First, a further harmonisation of the AML/CFT rulebook could address possible divergences and shortcomings in the way the rulebook was transposed in different Member States. It could also strengthen enforcement of AML/CFT compliance through AML/CFT supervisors by providing clear regulatory guidance and harmonised, stronger supervisory powers. This could be achieved by transforming the AML Directive into an EU regulation, which would have the potential of defining a harmonised anti-money laundering framework that is directly applicable throughout the European Union. To be effective, the scope of a future regulation should be as broad and encompassing as the legal base would allow, also with a view to moving towards a more rule-based approach, while fully respecting the legal constraints and the remaining variety of national institutional setups,1 particularly in the area of criminal law and justice systems.2
Second, supervisory fragmentation should also be addressed, especially in relation to coordination and cooperation procedures. This could be achieved by charging an EU body or a new authority with AML/CFT tasks. This EU body or authority should be independent to allow it to act decisively in addressing ML/TF risks. It could detail a single AML/CFT rulebook via technical standards and/or guidelines, coordinate its implementation and ensure strict and harmonised AML/CFT supervisory practices in the EU and across Member States, leveraging on the experience and expertise of national supervisors. The EU AML/CFT body should make sure that accurate and timely assessments on possible irregularities and ML/TF risks are proactively provided to prudential supervisors, including the ECB in its supervisory role,3 so these risks can be factored into their prudential assessments.
Finally, if supported by co-legislators and primary law, the EU AML/CFT authority could be equipped with direct AML/CFT supervisory powers.
Ladies and gentlemen,
Anti-money laundering and combating the financing of terrorism are challenging endeavours. First, they involve several areas of law at both the EU level and national levels. Changes that lead to an efficient distribution of competences might imply the transfer of sovereignty from national to EU level within the existing Treaty framework. Second, several types of authority play a role, including AML/CFT authorities and prudential supervisors. There is a broad heterogeneity of institutional setups among Member States, involving judicial authorities limited to cooperation and implementation, as well as surveillance authorities attached either to the executive or judicial branch, and their interaction with prudential supervisors. In other words, we need to reflect on the most effective way to manage the institutional and functional fragmentation in this area given its inherent cross-border nature.

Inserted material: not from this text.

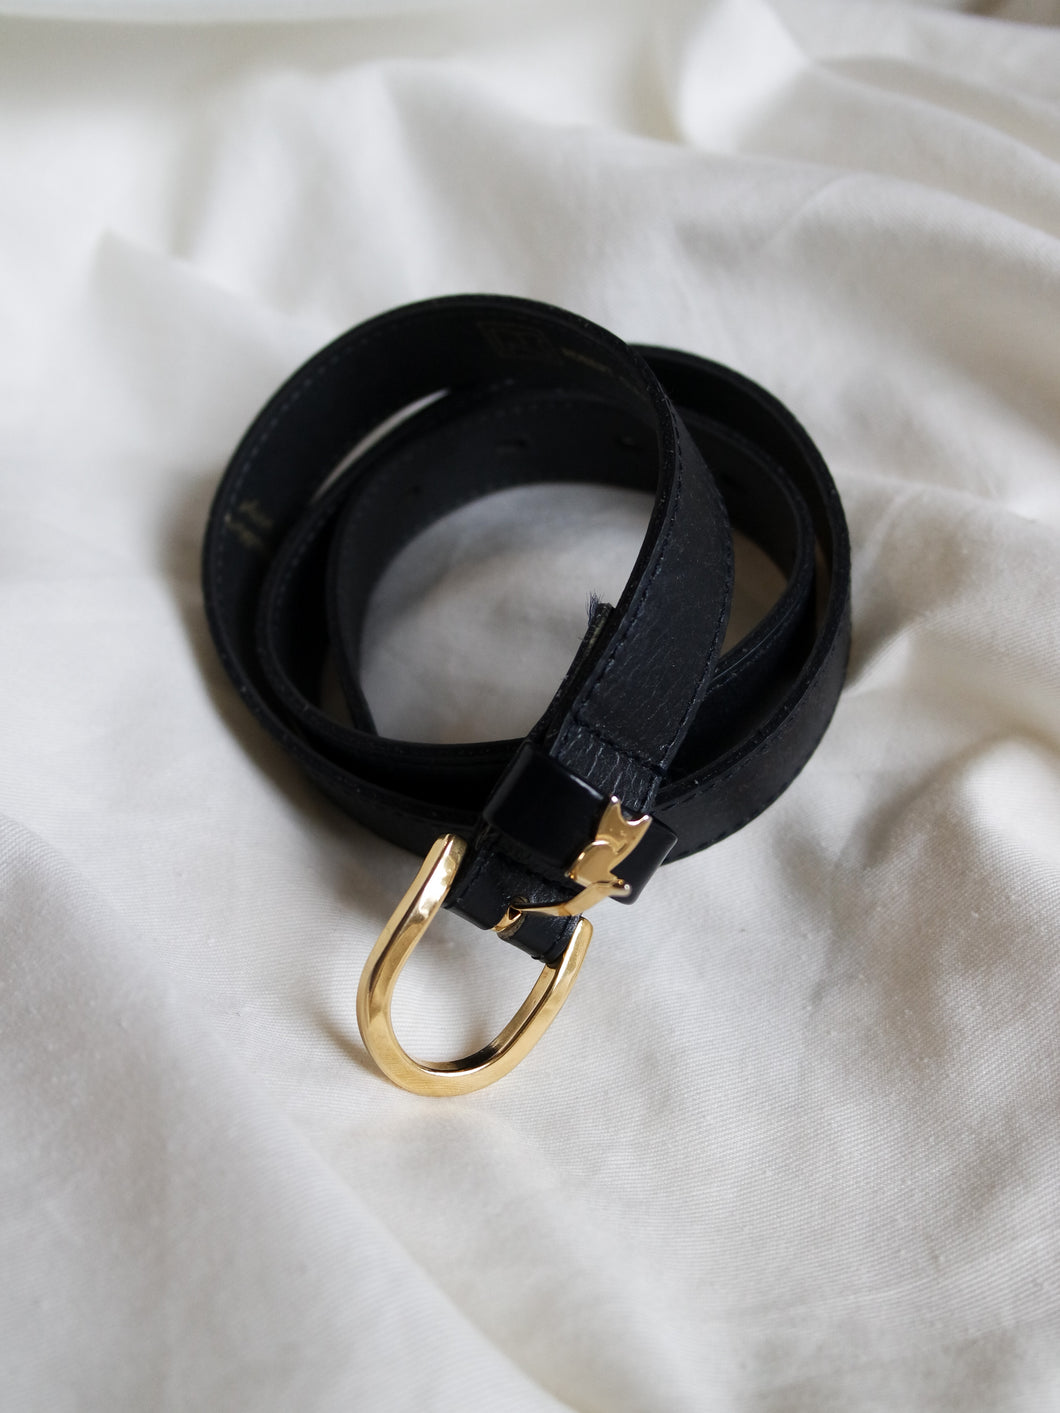 ROBERT CLARENCE leather belt

All of this makes combating money laundering and terrorist financing complicated from both a legal and a practical point of view. The battle can only be won through cooperation. All authorities involved need to cooperate – both within and across national borders. So I welcome the ongoing debates about a review of the regulatory framework and the possibility of establishing an EU AML/CFT body. Within the limits of its mandate, the ECB will continue to contribute to this debate.
Important as this debate is, let’s not forget the responsibilities that supervised entities already have: to put in place and maintain internal systems and controls to ensure that they properly manage the risks to which they are exposed.